En meşhurlarından biri de ‘Evlat’. Var mı bir hikâyesi?
Bütün şarkılarımın içinde onun yeri ayrıdır. Bir nasihattır ve Müslüm Gürses için yazılmıştır. Yedikule konserindeydik, hani yarım kalan konser. Sunuculuğu bana vermişlerdi. Ben kendi halinde bir söz yazarıyım, fazla ortaya çıkmadığım için tanımazlar diye düşünüyordum. Müslüm Baba diye bağıranlar beni görünce Ali Baba diye bağırmaya başladılar. İlk orada duydum bana da baba sıfatını verdiklerini. İlk defa orada Müslüm’ün onlara seslenmesi adına ‘Evlat’ dedim işte.
Konseri yarıda kesen bu sevgiye ne diyorsunuz?
İnsanlar Müslüm Gürses’i çok seviyorlar ama o sevgiyle Müslüm Gürses’i öldürebilirler. O gün öyleydi. Ben dünyada böyle bir sevginin olabileceğini sanmıyorum hayranlık anlamında. Duyguların had safhada tezahürü.
Müslüm Gürses sizce de çok erken ölmedi mi?
Hayatta bir yola çıkıyor insan. Engebelerden geçerken vücudunda ruhunda birtakım tahrifatlar oluyor. Müslüm kolay gelmedi oralara. Çok kötü zamanları vardı. En iyi zamanları Muhterem Nur’la bir araya geldikten sonraydı. Birbirlerine baston oldular, birbirlerini ayağa kaldırdılar. Müslüm yokluk içinden geldi ama para kazandığında da parası yoktu. Dikili ağacı yok derler ya, öyle. Yokluk çekmiyordu ama varlık da görmedi. Parayla pulla fazla işi yoktu.
Çok muhabbet eden biri de değil.
Çok az konuşurdu ama çok şey söylerdi. Algılamada zorluk çekerdi ilk başta ama sözleri ağırdı yani.
Sohbete başlamadan önce, bundan sonra arabeskte 75-90 arası çıkan renkler gibi renkler çıkmaz dediniz, neden?
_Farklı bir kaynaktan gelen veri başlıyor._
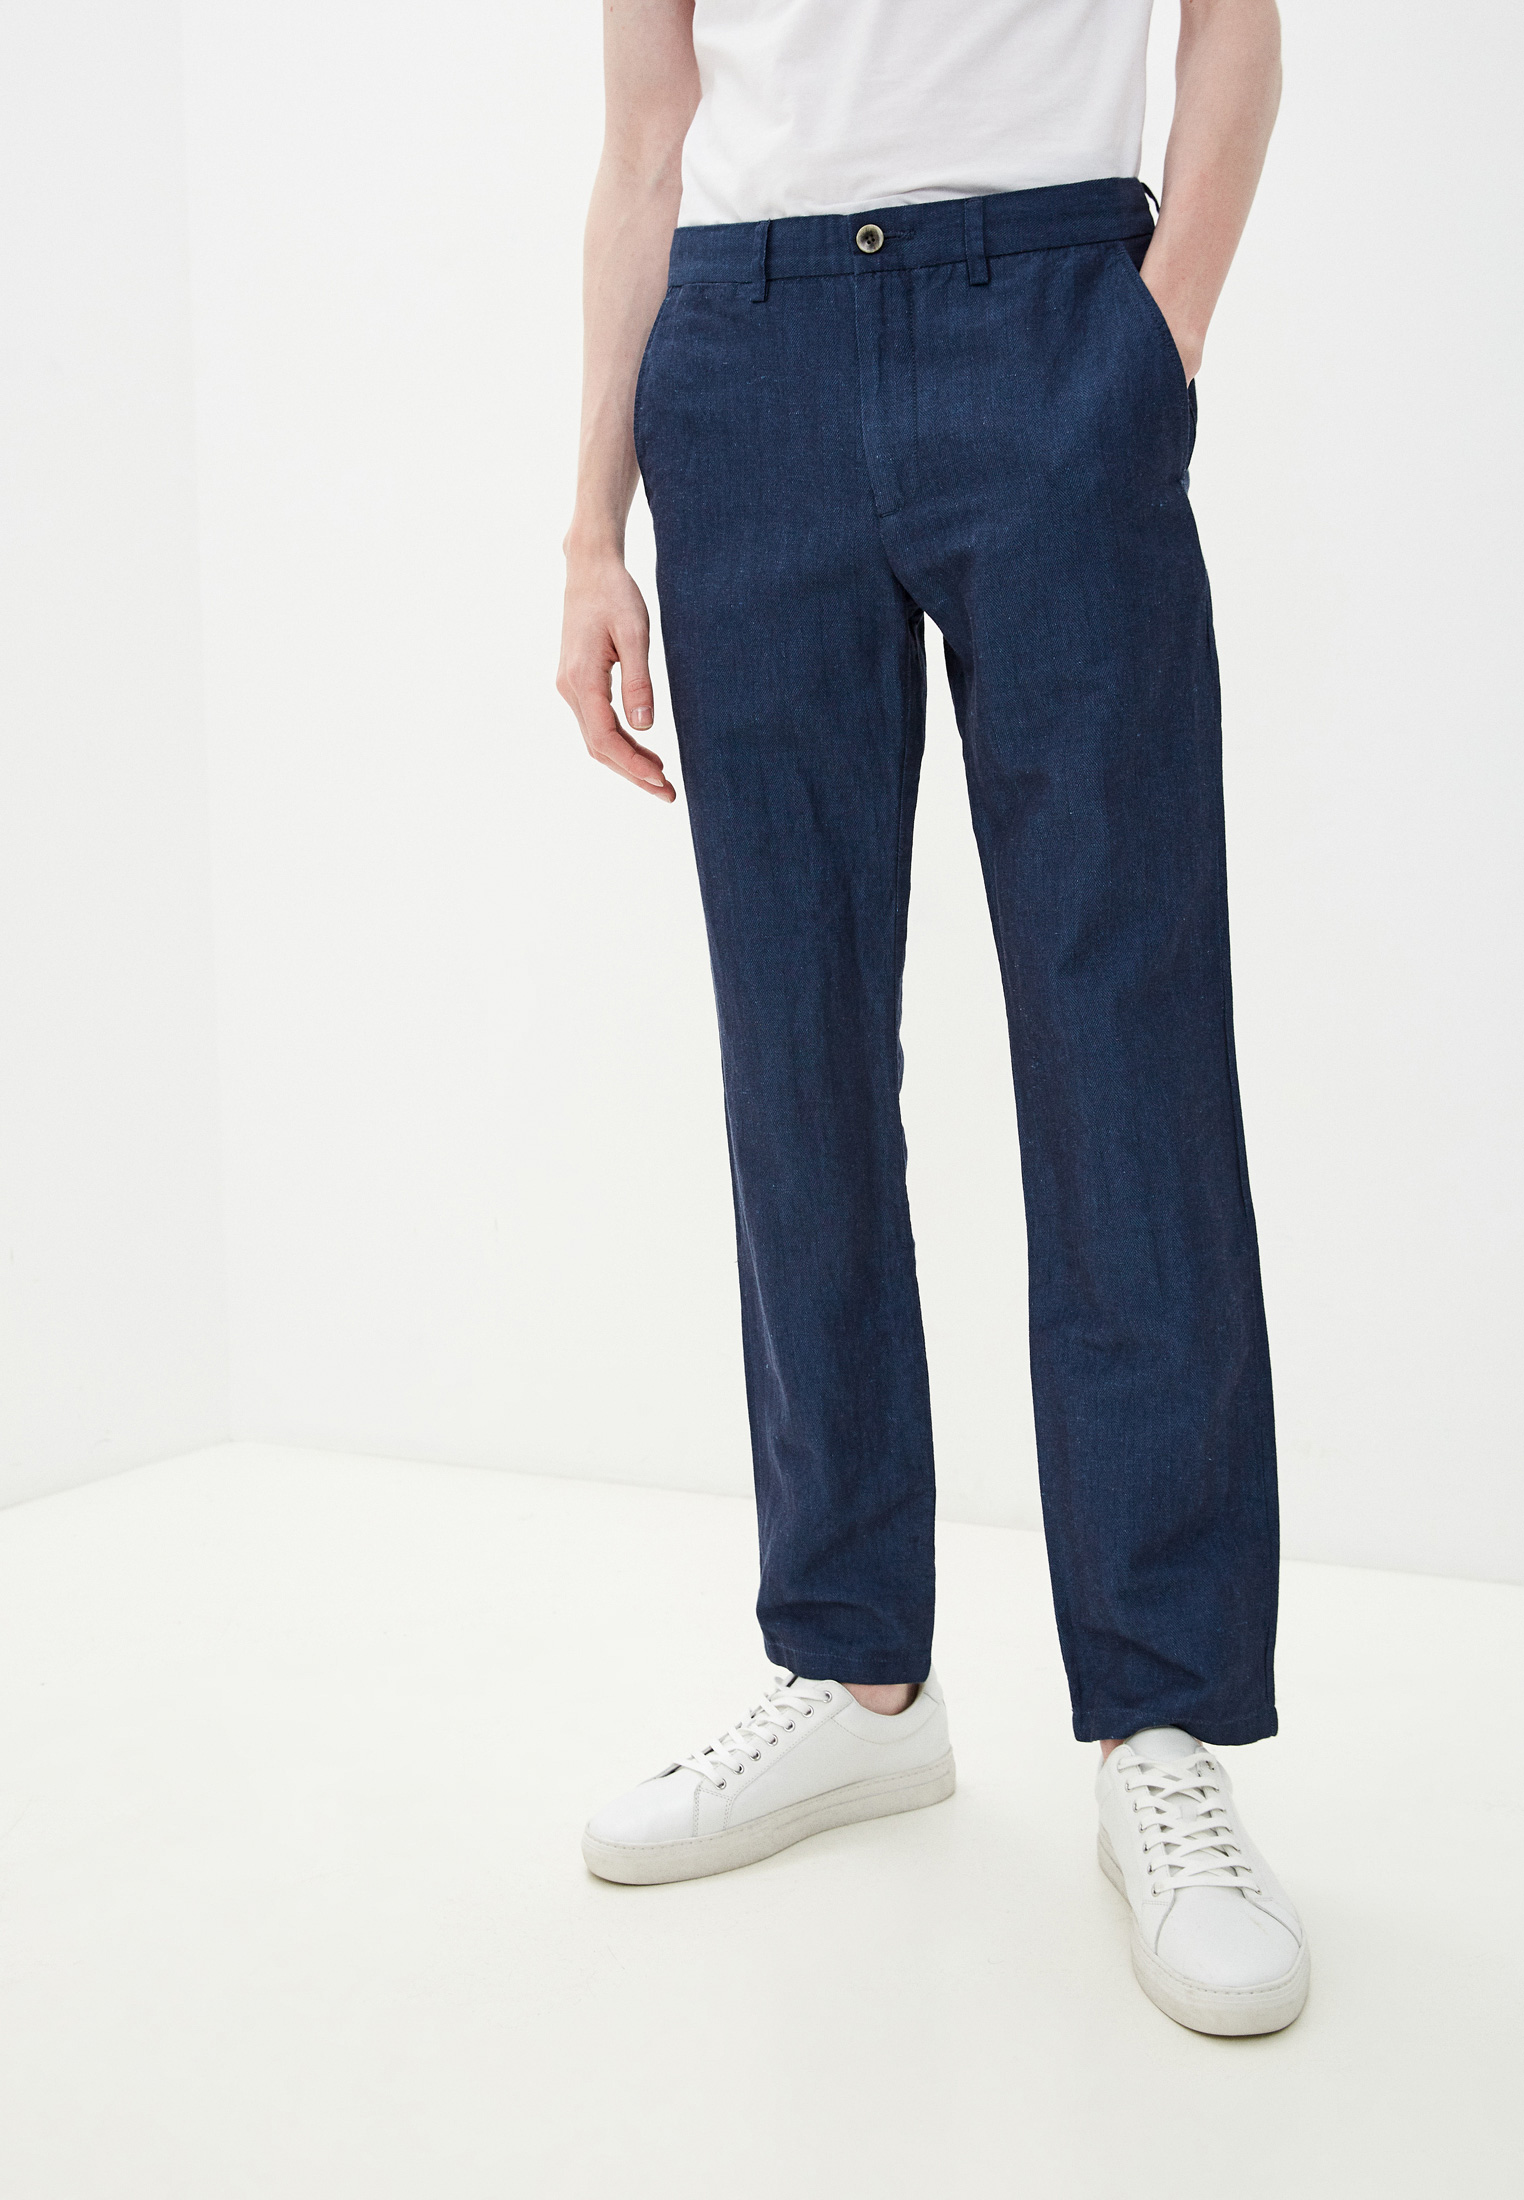 Мужские прямые брюки Tommy Hilfiger (Томми Хилфигер) Брюки Tommy Hilfiger
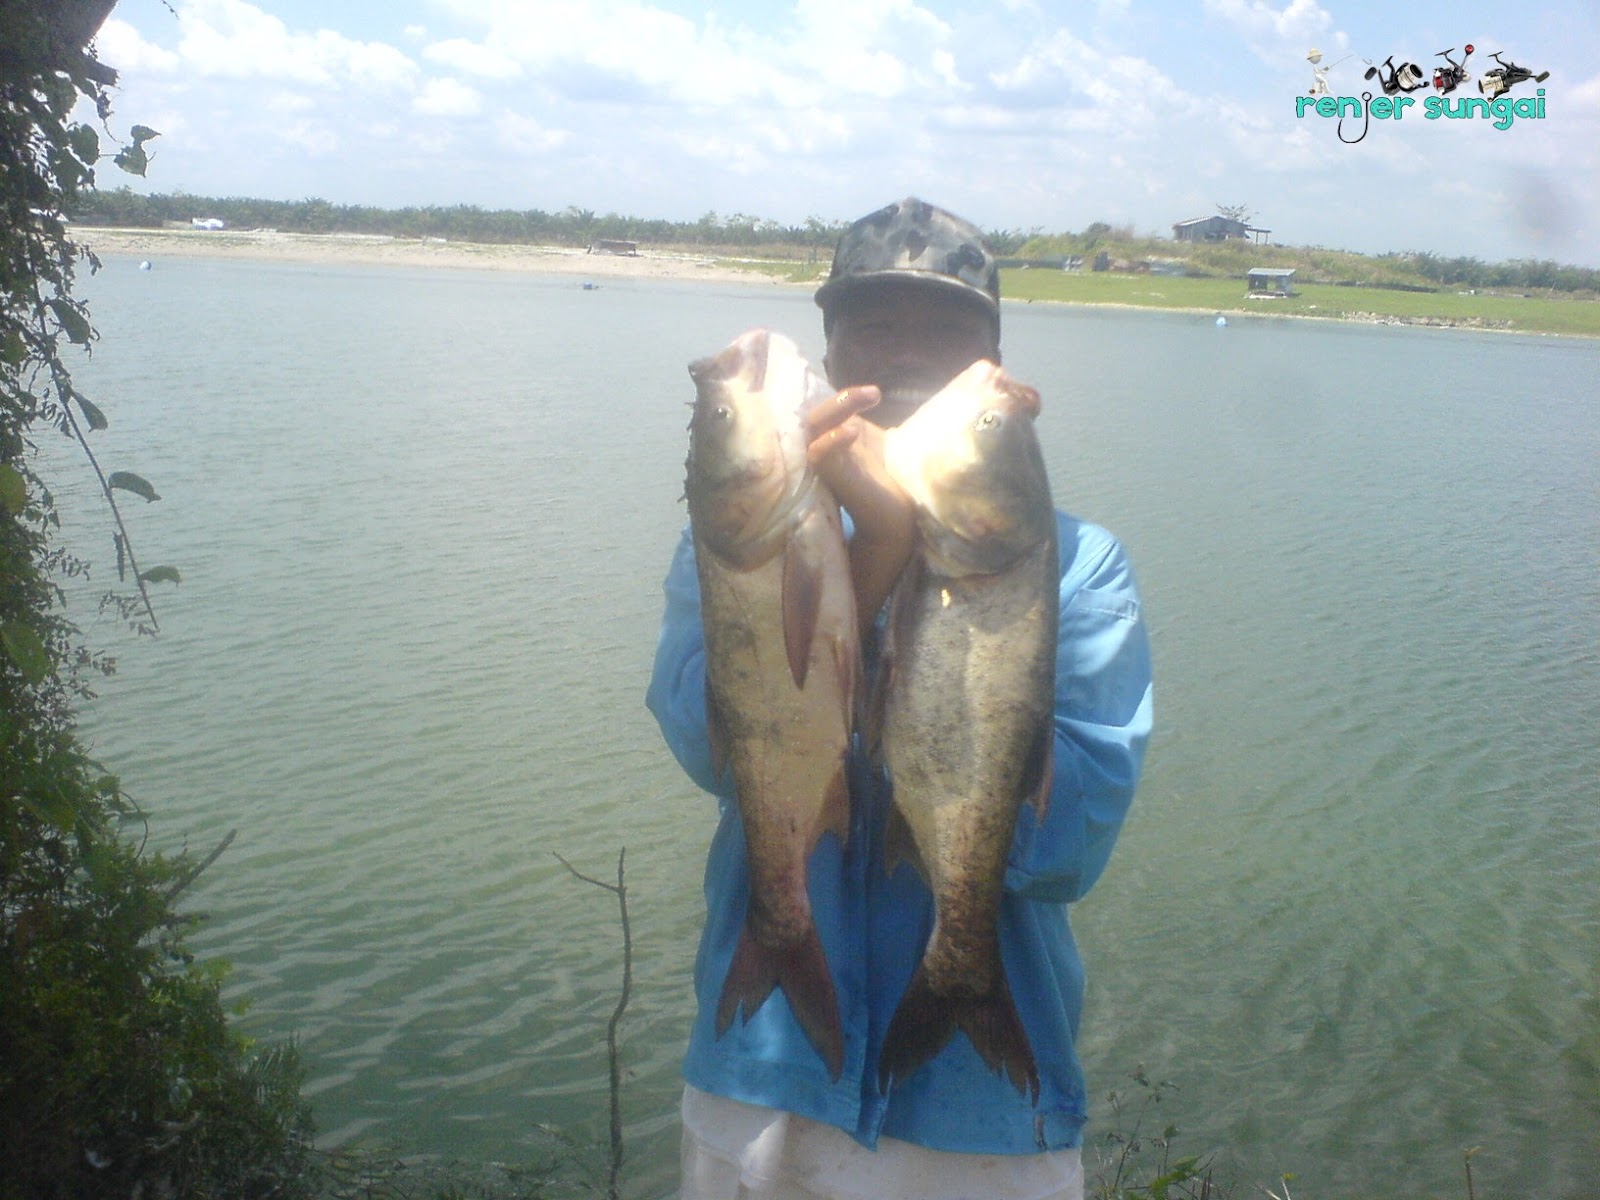 http://3.bp.blogspot.com/-EL1A0Oy0a7s/TzfixovazGI/AAAAAAAADmI/vA8dbTat5fI/s1600/DSC02619.JPG

Artık zaman değişti, ortam değişti, internet geldi... O duygulara, o yoğunluğa sahip olmak artık mümkün değil. O şarkılar da yapılmaz, o şarkıları ifade edecek ruhta insanlar da olmaz. Bir kültür boşluğu olacak şimdi. Bugün yapılanlar yarına taşınmıyor. Şimdi baktığınızda 70’lerdeki insanları görebiliyorsunuz. 20 sene sonra bugüne baktığınızda bugün gelen o insanları göremeyeceksiniz.
Sözlerini yazdığınız şarkıdaki gibi ‘Fark Yaraları’ hâlâ var lakin.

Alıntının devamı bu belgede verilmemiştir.